In an average year, there would be approximately 16 million cars sold
in the United States. This comes to 176 million cars over the next 11
years. In this case, the proposed subsidy would average $17 a car. If
5 percent of cars qualified for the subsidy, it would average $340 on
a qualifying car, or just over 1 percent of the purchase price if an
average qualifying car cost $30,000.
Japan
Critics Say Koizumi's Economic Medicine Is a Weak Tea
James Brooke
New York Times, February 27, 2002, Page A3
This article reports on Japanese Prime Minister Junichiro Koizumi's
new economic plan. At one point it notes the argument that the
central bank must print more money to stop deflation. In response it
presents the view of the a Bank of Japan official, that "deflation is
not a monetary phenomenon." It follows this with the view of an
analyst at a securities firms: "Japan's overcapacity -- or 'too many
goods chasing too many consumers' is the cause of deflation."
This quote is incoherent (the analyst may have meant too "few"
consumers). The argument that deflation is attributable to a lack of
demand is completely consistent with inflation being a monetary
phenomenon. If enough money is shoved into the hands of consumers,
eventually they run out of room under their mattresses, and start to
spend some of it. This creates more consumers.

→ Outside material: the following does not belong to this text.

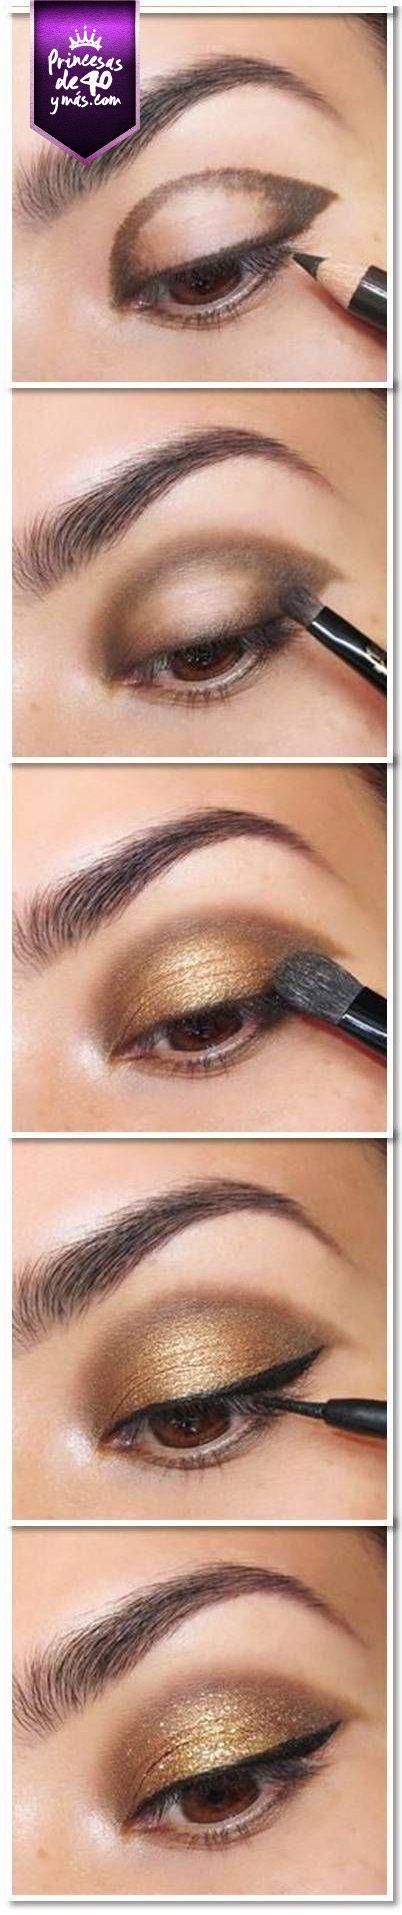 Aquí un tutorial detallado para llenar tus ojos de luz. #PrincesasDe40 #eyes #makeup #Diy

This article concludes with a dire warning that Moody's
is "threatening to downgrade Japan's government bonds to the level of
Botswana's." It is worth noting that financial markets do not seem to
share Moody's concern about the creditworthiness of Japan's
government. The real interest rate in Japanese government debt is
lower than that of the United States. This means that if that Moody's
does downgrade Japan's debt, then U.S. government bonds will carry a
higher risk premium than a country with the same credit rating as
Botswana.
Argentina
In Argentina, I.M.F. Impasse Heightens Fear On Economy
Larry Rohter
New York Times, February 23, 2002, Page B1
This article reports on the state of negotiations between the I.M.F.
and Argentina's government over the granting of new loans. At one
point, it presents the views of an analyst at a financial firm, that
the I.M.F. will take a very hard line because it "has been so
seriously burned by Argentina."
This is a peculiar characterization of the situation. Argentina is
now in the fourth year of a recession, with an unemployment rate of
22 percent. Its economy is expected to shrink by an additional 5-10
percent in the current year. It experienced this collapse after
adopting a liberalization program that was widely praised by the
I.M.F. and other international financial institutions. This program
included pegging its currency to the dollar. This peg made
Argentina's goods uncompetitive in international markets and forced
the nation to pay exorbitant interest rates, which led to a large run-
up of the nation's debt. (It was high interest payments, due to
higher interest rates, that led to government deficits -- not
additional spending.) Since the I.M.F. promoted the policies that
have proven so disastrous for Argentina, and supported these policies
with tens of billions of dollar of loans from both the Fund and other
creditors who made their loans on the basis of IMF approval, it is
not clear how the IMF has been "burned by Argentina."